Эффект был потрясающий. Дабы читателю стало понятно, скажу лишь, что подобное ощущение возникает, когда смотришь на всплывающих со дна моря ныряльщиц за жемчугом. Под толстым слоем голубоватой воды тело кажется неясным, расплывчатым; оно колышется, словно морская трава. Но постепенно, по мере того как ныряльщица поднимается на поверхность, облик ее становится все яснее, все четче — и вот происходит мгновенное чудесное превращение: вынырнув, белый оборотень преображается в человека.
Так вот, линзы бинокля приоткрыли мне совершенно особый, непостижимый мир, в котором жили своей загадочной жизнью прелестная девушка со старинной прической и старик в старомодном европейском костюме. Я испытал неловкость, подсмотрев по воле волшебника их сокровенную тайну, однако все смотрел и смотрел как зачарованный и не мог оторвать глаз.

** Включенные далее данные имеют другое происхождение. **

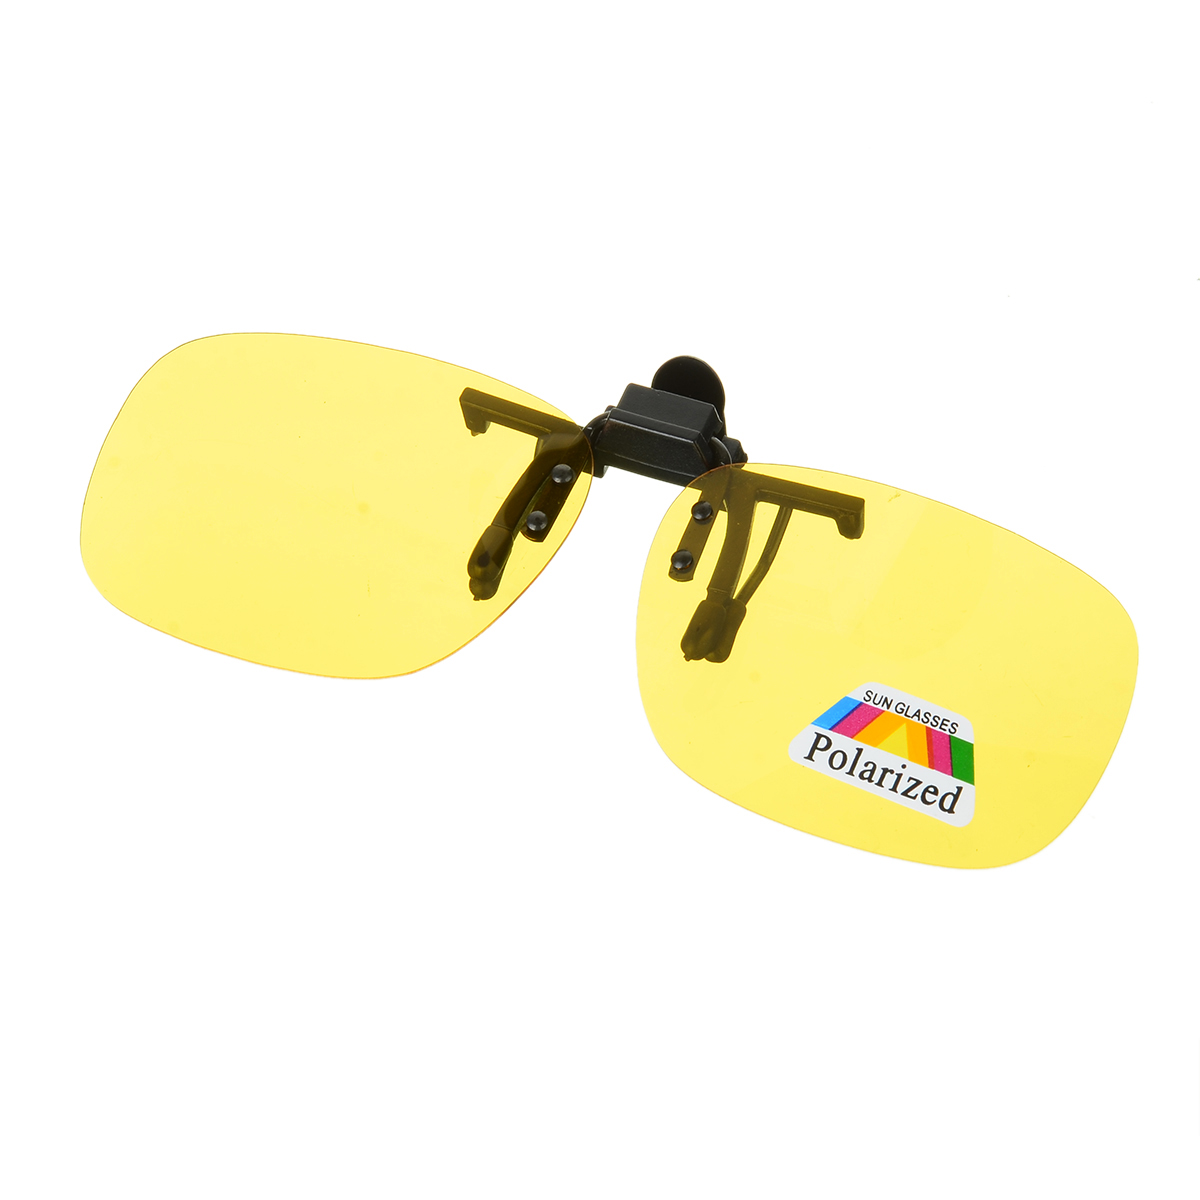 Polarized Clip-on Sunglasses Night Vision Unisex Flip Up Over Prescription Glasses For Driving Fishing Sport Ultra Light
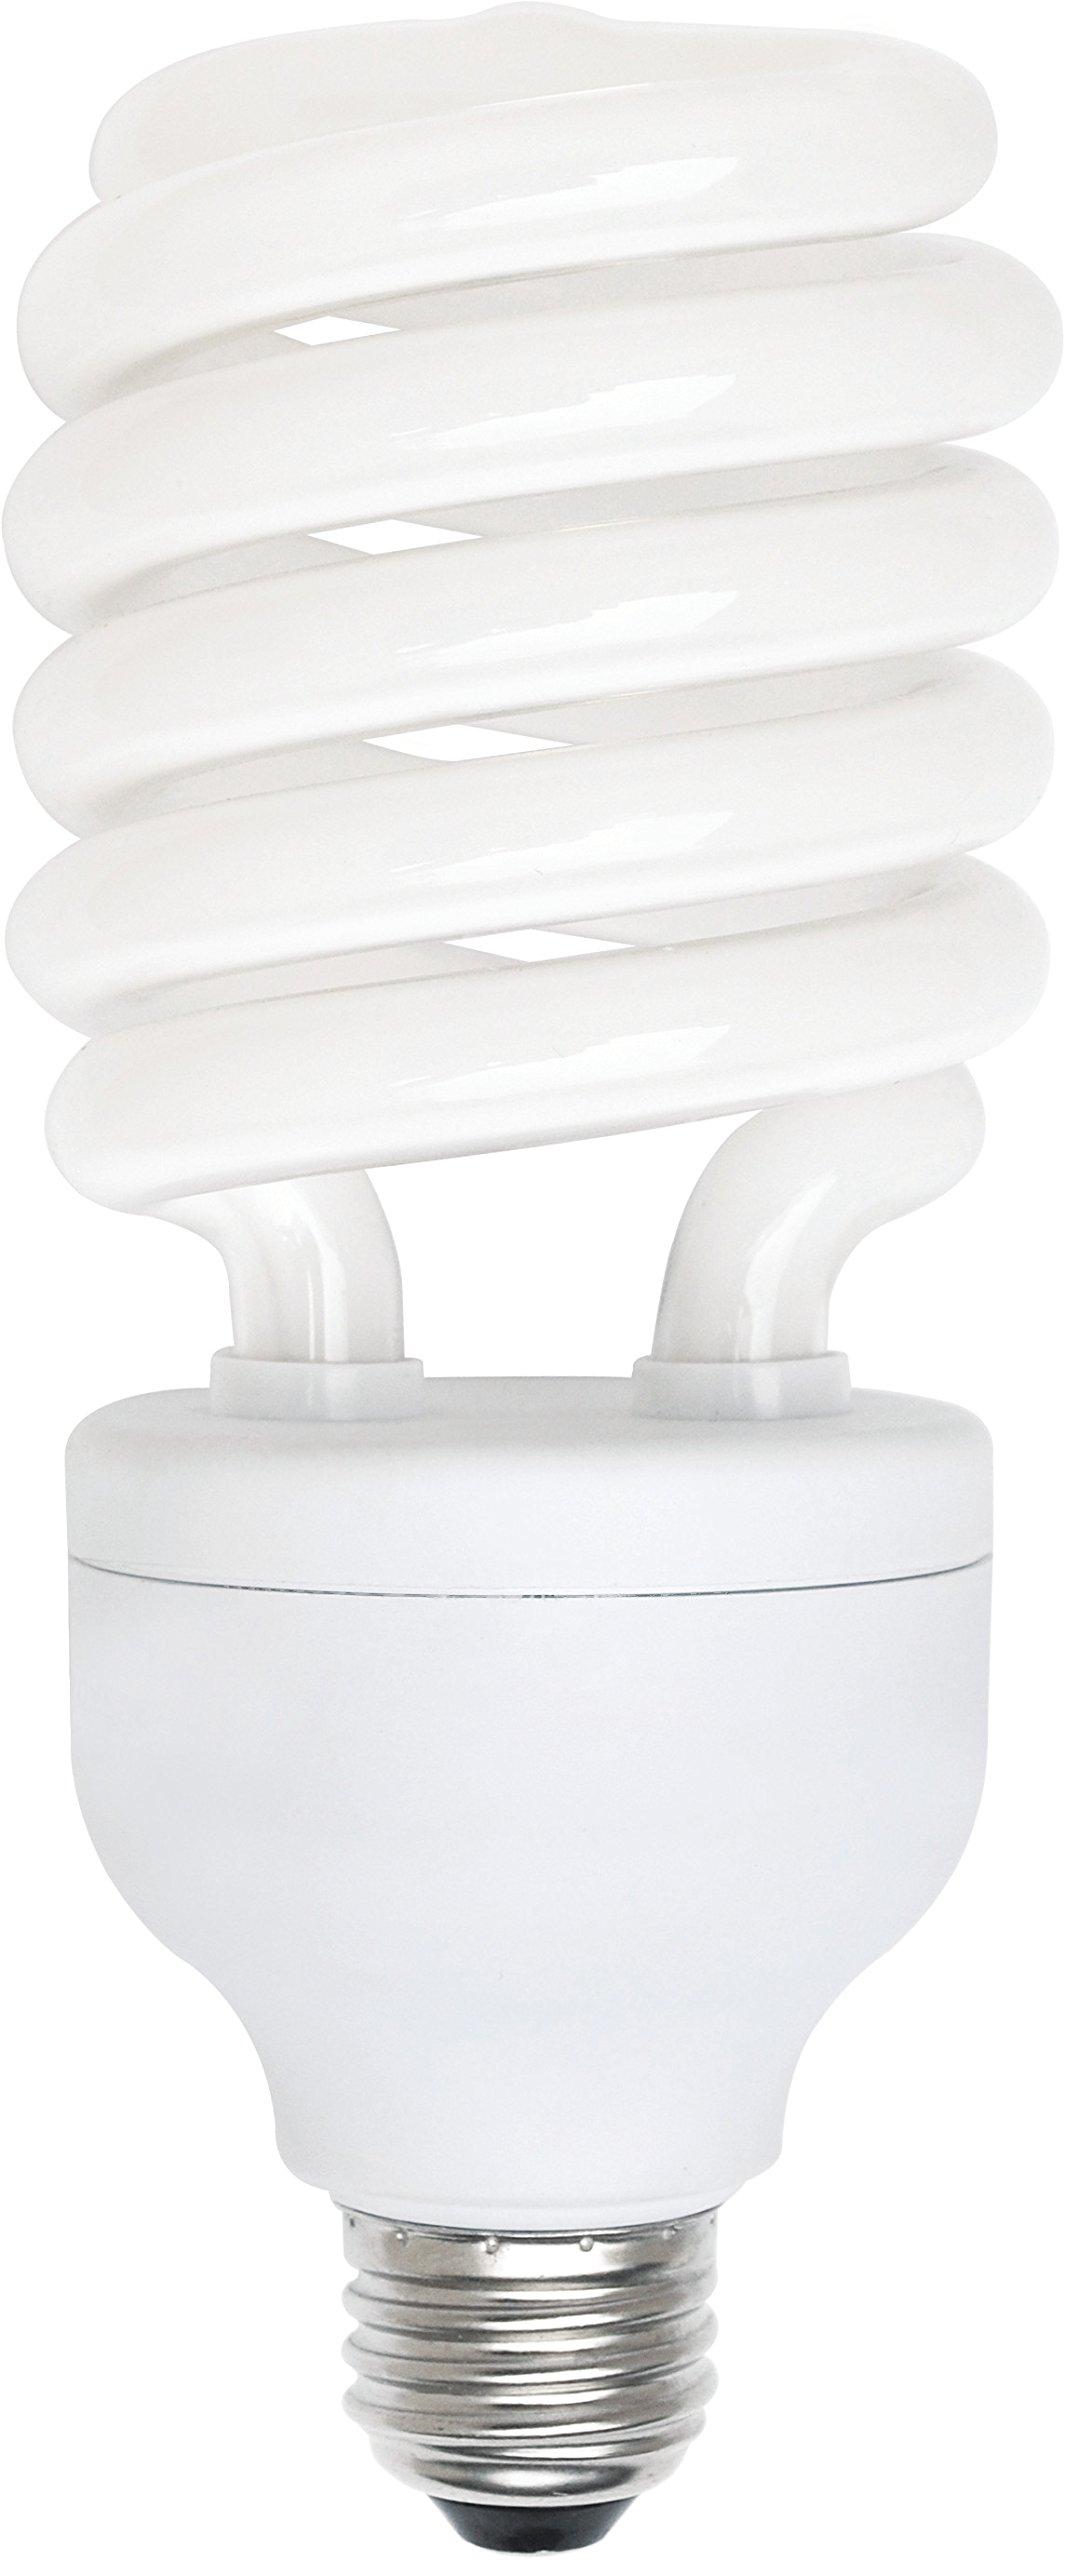 Luxrite LR20210 (10-Pack) 42-Watt CFL T3 Spiral Light Bulb, Equivalent To 200W Incandescent, Warm White 2700K, 2820 Lumens, E26 Standard Base

Девушка сидела на том же месте, но теперь — я ясно видел это сквозь окуляры бинокля — тело ее словно наполнилось жизненной силой: белоснежная кожа светилась персиковым румянцем, грудь волновалась под тонкой пурпурно-алой тканью; мне казалось, я даже слышу биение сердца!
Рассмотрев красавицу с головы до ног, я перевел бинокль на седовласого старца, восторженно обнимавшего свою возлюбленную, годившуюся ему в дочери. На первый взгляд казалось, что он так и лучится счастьем, но на его изборожденном морщинами лице, увеличенном линзами бинокля, лежала печать затаенной горечи и отчаяния. Чем дольше я смотрел на него, тем явственней проступало выраженье щемящей тоски.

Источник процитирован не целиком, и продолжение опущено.